During a charity art event, Joshua meets Anne-Marie Cole (Lauren Bacall), a wealthy older woman, and reconciles with Amber's brother Ryan. Later that night, Joshua breaks into Anne-Marie's home, but after discovering him there, she contacts Everly to take him back.

The next day, Joshua kisses Amber on the beach without warning, upsetting her. Later, he finds Anne-Marie's dog, Matilda, and returns it to her home, where the two talk. Joshua later apologizes to Amber, and the two reconcile.

Meanwhile, Everly secretly sells Joshua's completed painting and recruits him to forge a Winslow Homer painting in order to save his failing galleries. At one of Amber's parties, Joshua becomes jealous after seeing her with another boy and fights with Ryan before going to Anne-Marie's home, where she treats his injuries.

Back at Everly's mansion, Joshua confronts him about the forgery scheme. Everly offers Joshua a share of the profits if he completes another forged painting, and Joshua agrees. Over the following week, Joshua learns techniques used to make forged paintings appear authentic. After completing the work, he begins to regret his involvement and hides the painting.

Meanwhile, Vanessa locates Joshua's mother living with her boyfriend and another child, leading her to contact child protective services. She also learns more about Joshua's abusive upbringing and Anne-Marie's past tragedy.

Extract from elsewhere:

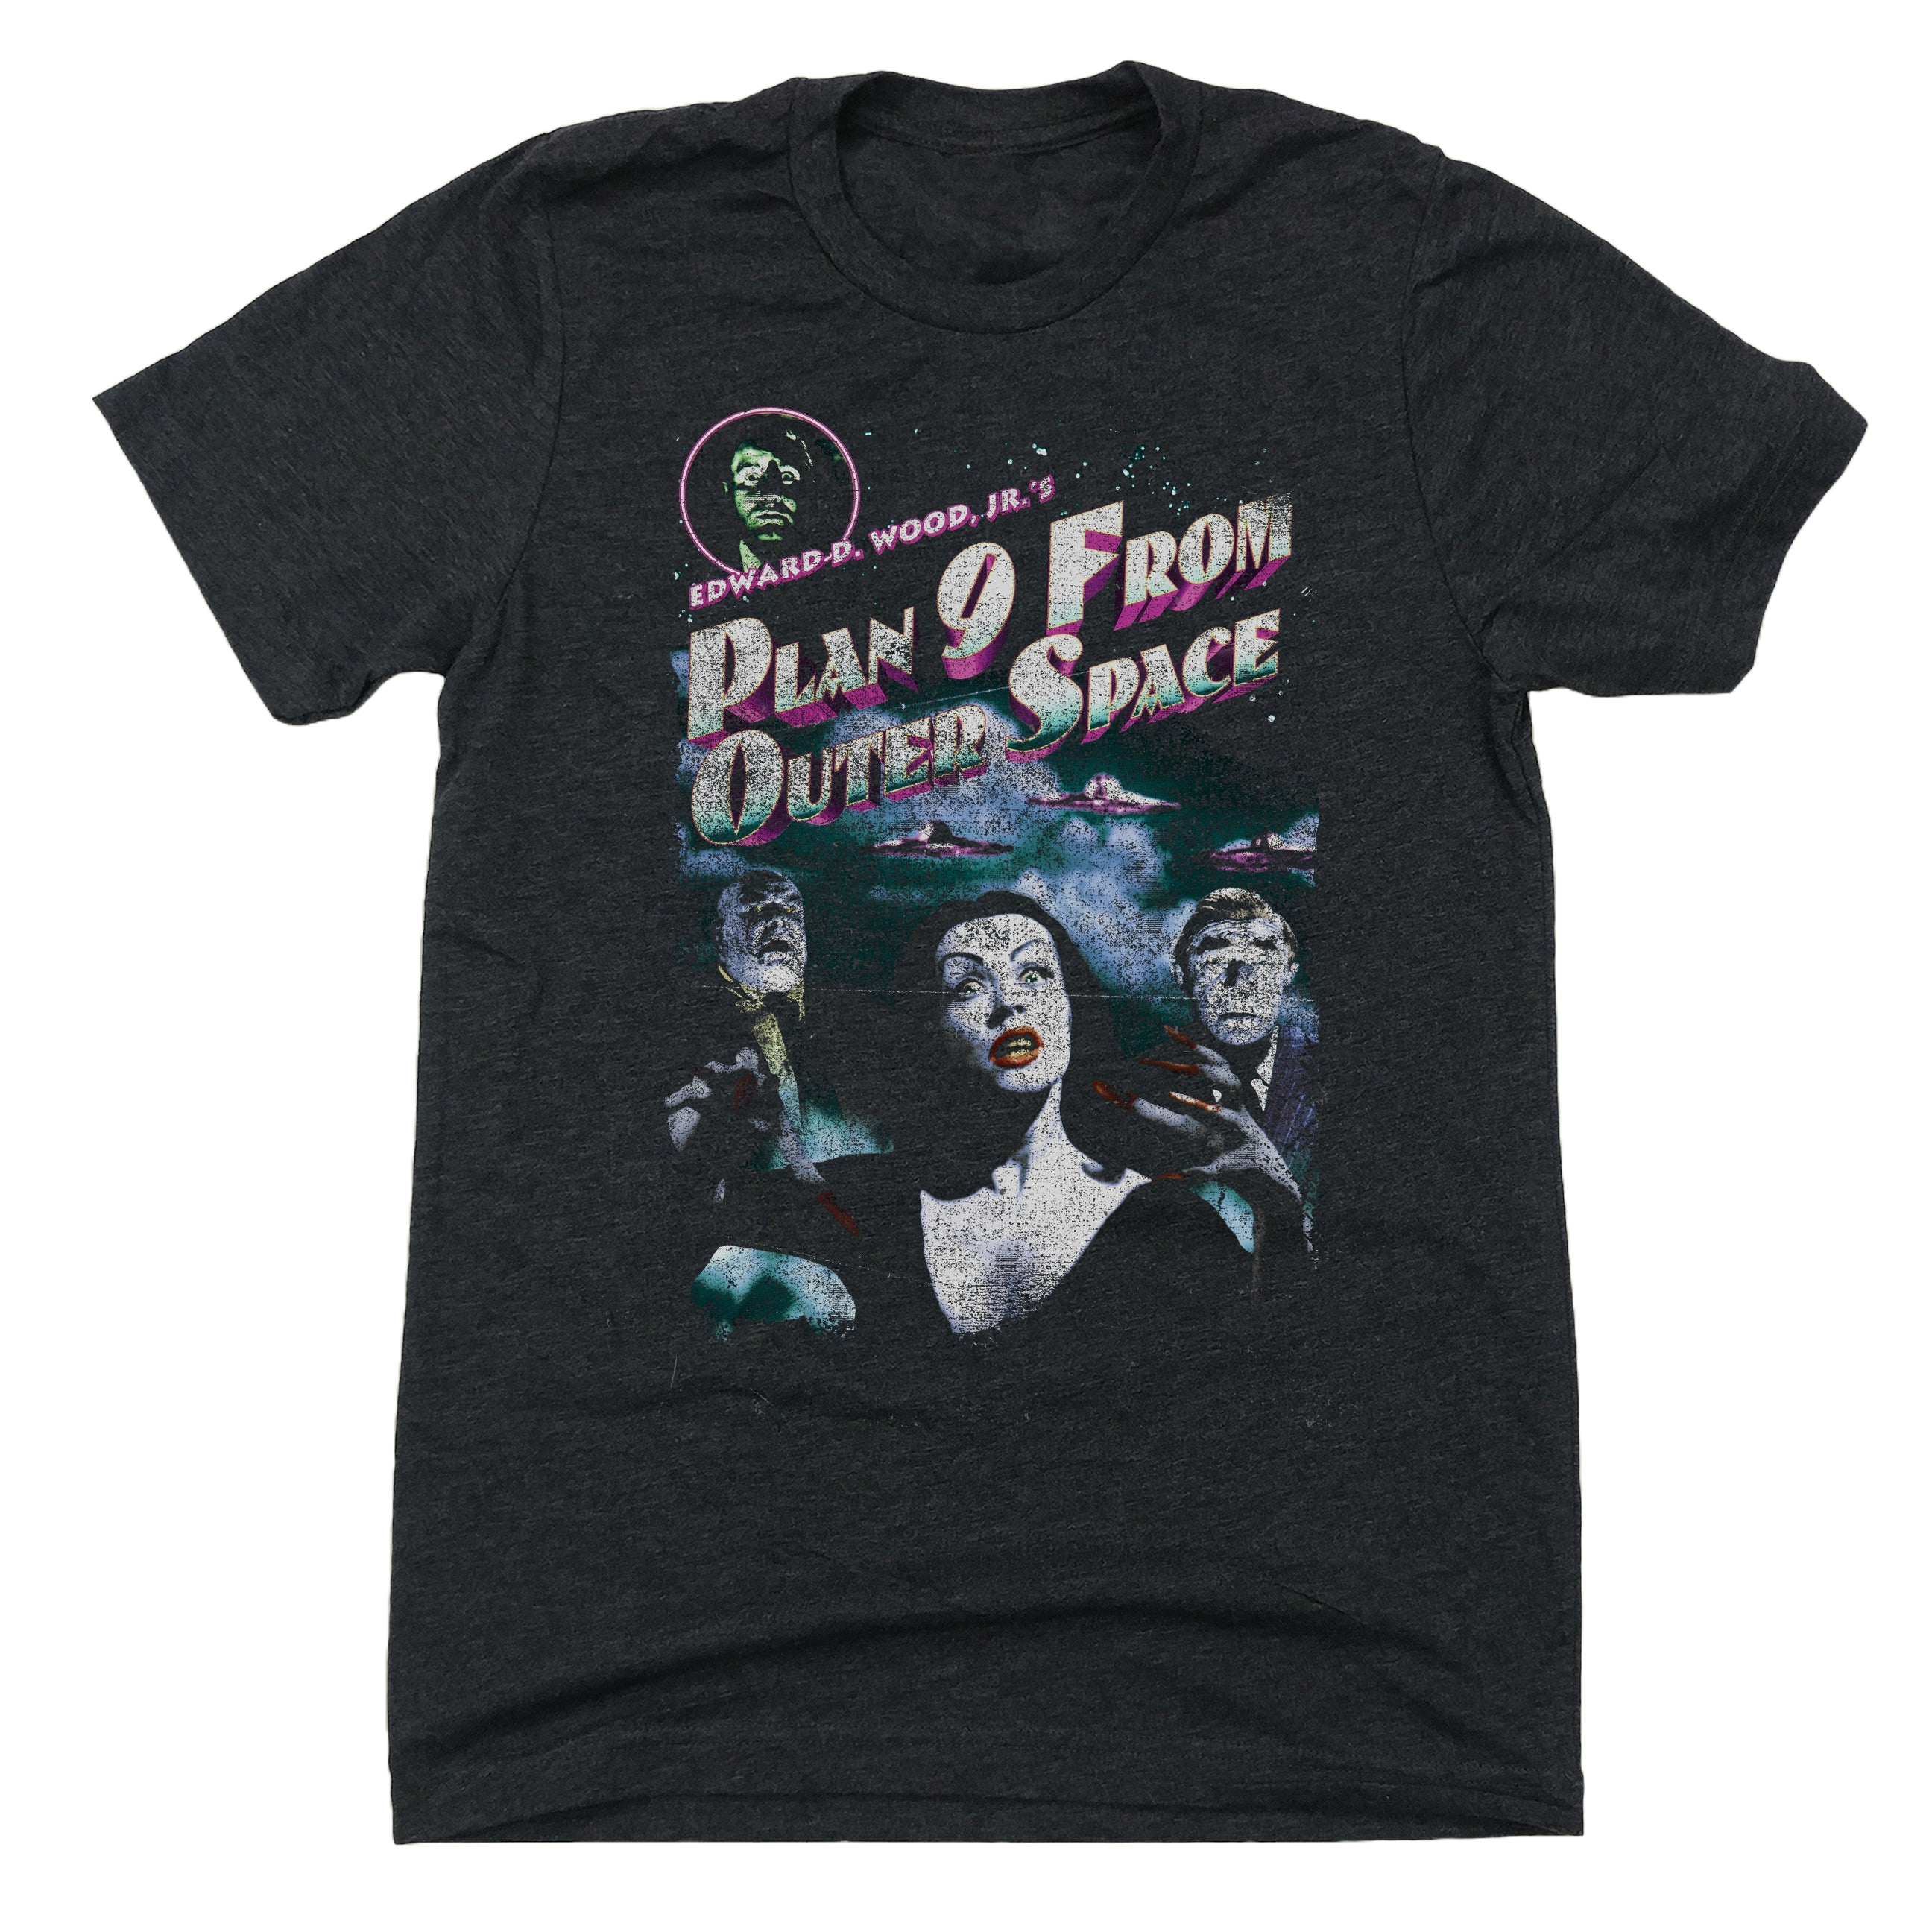 Plan 9 From Outer Space Unisex Tee

Joshua visits Anne-Marie after Everly claims that she was once involved in art forgery. Searching through her belongings, he finds evidence suggesting she had been connected to forged paintings and leaves feeling unable to trust anyone.

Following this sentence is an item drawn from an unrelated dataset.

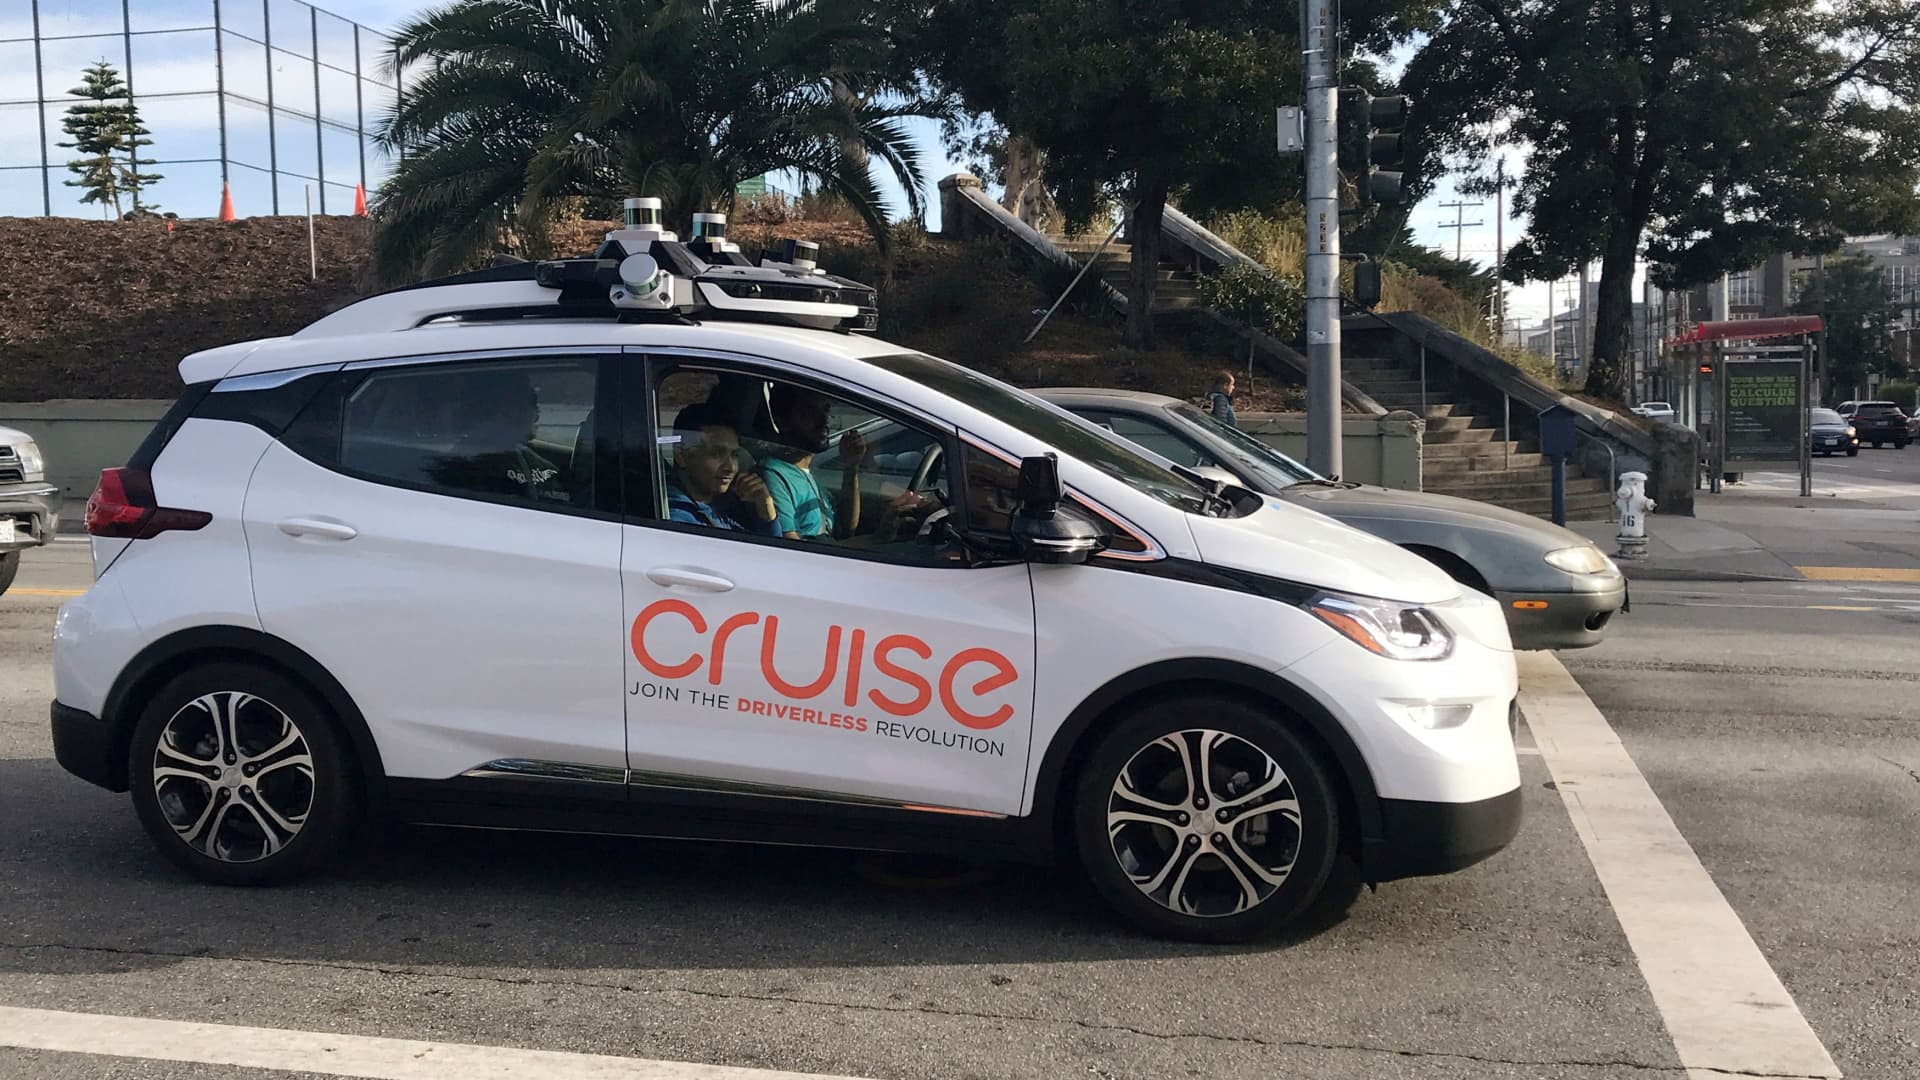 Cruise will reduce robotaxi fleet by 50% in San Francisco while California DMV investigates ‘incidents’

Vanessa later tells Joshua that she could not find his mother, leaving him devastated. Joshua eventually reconciles with Amber, while Anne-Marie discovers Everly's forgery operation and realizes Joshua has hidden the painting. At the art exhibition, Joshua returns the work, and Anne-Marie publicly exposes it as a forgery by cutting the canvas and confessing her own past involvement in Everly's schemes. The painting is proven fake when an underpainting of Dennis the Menace is revealed beneath the surface.

In the end, Joshua agrees to live with Anne-Marie and continues his relationship with Amber, finally finding a sense of belonging.

==Cast==
- Josh Hutcherson as Joshua Mason
- Hayden Panettiere as Amber Felter
- Lauren Bacall as Anne-Marie Cole
- Alfred Molina as Everly Campbell
- Dina Eastwood as Vanessa Reese
- Billy Boyd as Bernie
- Adam Godley as Pinkus
- Alexandra Carl as Rachel
- Jansen Panettiere as Aram
- Scott Eastwood as Ryan
- Tricia Helfer as Sasha
- Alexander Poletti as Young Boy

==Production==
The Forger marks Lawrence Roeck's debut as a feature film director. Experience Media Studios acquired the unfinished film in early 2010, and completed it by February 2011.

===Filming===
The film's 24-day shooting schedule finished on location in Carmel, California in February 2009, and included Carmel locals in several key scenes.

===Music===
"Livin," performed by Ribsy's Nickel; written by Jesse Corona & Jason Williams; published by Ribsy's Nickel Music BMI

==Release==
The film world premiered as Carmel-by-the-Sea at the Arclight in Hollywood, California on March 9, 2011. Following a title change to The Forger, it was released on DVD on July 3, 2012 due to a decision to delay the release until after The Hunger Games (in which Josh Hutcherson plays a leading role) had premiered.